= Beginning of Section =

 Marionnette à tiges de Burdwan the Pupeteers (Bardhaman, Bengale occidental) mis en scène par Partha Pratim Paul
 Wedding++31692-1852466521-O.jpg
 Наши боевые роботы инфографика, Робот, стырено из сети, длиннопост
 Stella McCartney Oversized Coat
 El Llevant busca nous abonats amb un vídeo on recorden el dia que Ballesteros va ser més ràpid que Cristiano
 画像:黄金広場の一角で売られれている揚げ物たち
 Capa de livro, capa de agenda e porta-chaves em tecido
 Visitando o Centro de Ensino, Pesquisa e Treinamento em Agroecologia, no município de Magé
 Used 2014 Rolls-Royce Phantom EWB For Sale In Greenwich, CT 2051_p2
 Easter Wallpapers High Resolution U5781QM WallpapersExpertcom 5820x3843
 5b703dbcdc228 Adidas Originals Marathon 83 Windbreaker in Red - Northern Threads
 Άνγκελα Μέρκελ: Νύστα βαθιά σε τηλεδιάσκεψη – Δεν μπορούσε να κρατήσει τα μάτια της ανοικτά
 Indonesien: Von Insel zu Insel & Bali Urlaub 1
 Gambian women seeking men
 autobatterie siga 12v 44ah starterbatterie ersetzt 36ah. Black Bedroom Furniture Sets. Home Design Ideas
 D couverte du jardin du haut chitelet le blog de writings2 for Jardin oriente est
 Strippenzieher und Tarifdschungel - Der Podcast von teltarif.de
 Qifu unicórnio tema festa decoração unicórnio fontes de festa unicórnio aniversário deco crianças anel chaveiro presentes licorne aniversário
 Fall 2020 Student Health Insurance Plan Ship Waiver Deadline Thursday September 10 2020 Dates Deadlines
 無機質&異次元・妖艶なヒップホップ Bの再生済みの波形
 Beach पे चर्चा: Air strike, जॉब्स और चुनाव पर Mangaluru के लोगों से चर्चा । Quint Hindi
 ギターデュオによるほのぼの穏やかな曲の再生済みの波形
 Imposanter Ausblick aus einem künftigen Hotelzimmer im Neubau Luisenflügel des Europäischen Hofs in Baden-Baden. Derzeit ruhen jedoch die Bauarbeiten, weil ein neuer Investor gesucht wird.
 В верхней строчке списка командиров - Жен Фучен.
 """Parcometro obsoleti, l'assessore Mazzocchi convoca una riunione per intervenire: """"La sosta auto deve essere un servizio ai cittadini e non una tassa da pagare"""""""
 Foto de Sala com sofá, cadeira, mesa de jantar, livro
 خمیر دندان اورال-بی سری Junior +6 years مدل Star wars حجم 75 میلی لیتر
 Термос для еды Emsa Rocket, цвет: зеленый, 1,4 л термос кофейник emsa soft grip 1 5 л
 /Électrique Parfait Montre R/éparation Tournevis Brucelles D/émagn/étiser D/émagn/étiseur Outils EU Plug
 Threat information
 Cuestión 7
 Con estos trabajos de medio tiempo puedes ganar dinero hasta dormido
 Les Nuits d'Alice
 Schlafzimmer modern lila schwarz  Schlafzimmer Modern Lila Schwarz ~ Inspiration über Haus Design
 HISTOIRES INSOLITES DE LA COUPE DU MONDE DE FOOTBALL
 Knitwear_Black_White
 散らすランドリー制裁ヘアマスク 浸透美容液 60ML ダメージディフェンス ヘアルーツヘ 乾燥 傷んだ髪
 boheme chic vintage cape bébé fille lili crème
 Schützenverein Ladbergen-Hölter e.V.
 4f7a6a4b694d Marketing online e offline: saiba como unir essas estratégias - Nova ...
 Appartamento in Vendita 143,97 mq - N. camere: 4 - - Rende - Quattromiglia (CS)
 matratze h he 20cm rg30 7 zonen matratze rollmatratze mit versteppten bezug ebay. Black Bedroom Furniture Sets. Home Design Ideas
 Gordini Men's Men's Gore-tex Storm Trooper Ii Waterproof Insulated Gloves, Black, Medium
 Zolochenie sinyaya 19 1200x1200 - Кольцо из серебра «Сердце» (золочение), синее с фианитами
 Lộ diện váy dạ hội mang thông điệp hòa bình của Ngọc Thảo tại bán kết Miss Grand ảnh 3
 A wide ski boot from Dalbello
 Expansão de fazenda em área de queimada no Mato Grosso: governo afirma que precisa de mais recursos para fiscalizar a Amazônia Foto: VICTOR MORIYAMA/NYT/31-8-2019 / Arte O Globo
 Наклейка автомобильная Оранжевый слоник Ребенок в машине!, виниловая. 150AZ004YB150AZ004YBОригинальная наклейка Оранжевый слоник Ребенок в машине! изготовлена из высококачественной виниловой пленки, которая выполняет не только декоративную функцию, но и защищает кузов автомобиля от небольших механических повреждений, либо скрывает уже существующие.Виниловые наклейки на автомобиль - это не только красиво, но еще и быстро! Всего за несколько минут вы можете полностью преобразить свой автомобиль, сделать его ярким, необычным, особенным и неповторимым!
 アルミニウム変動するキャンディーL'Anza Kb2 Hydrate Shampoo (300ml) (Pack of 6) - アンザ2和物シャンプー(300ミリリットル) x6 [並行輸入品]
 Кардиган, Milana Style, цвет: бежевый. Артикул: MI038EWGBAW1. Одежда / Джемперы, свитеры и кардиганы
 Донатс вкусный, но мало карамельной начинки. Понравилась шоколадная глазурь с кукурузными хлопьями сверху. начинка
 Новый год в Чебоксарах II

= End of Section =

Work order
Take the listing above and repeat exactly the lines from the one containing "Термос для еды" through the one containing "Con estos trabajos", both included.

Exercise answer
 Термос для еды Emsa Rocket, цвет: зеленый, 1,4 л термос кофейник emsa soft grip 1 5 л
 /Électrique Parfait Montre R/éparation Tournevis Brucelles D/émagn/étiser D/émagn/étiseur Outils EU Plug
 Threat information
 Cuestión 7
 Con estos trabajos de medio tiempo puedes ganar dinero hasta dormido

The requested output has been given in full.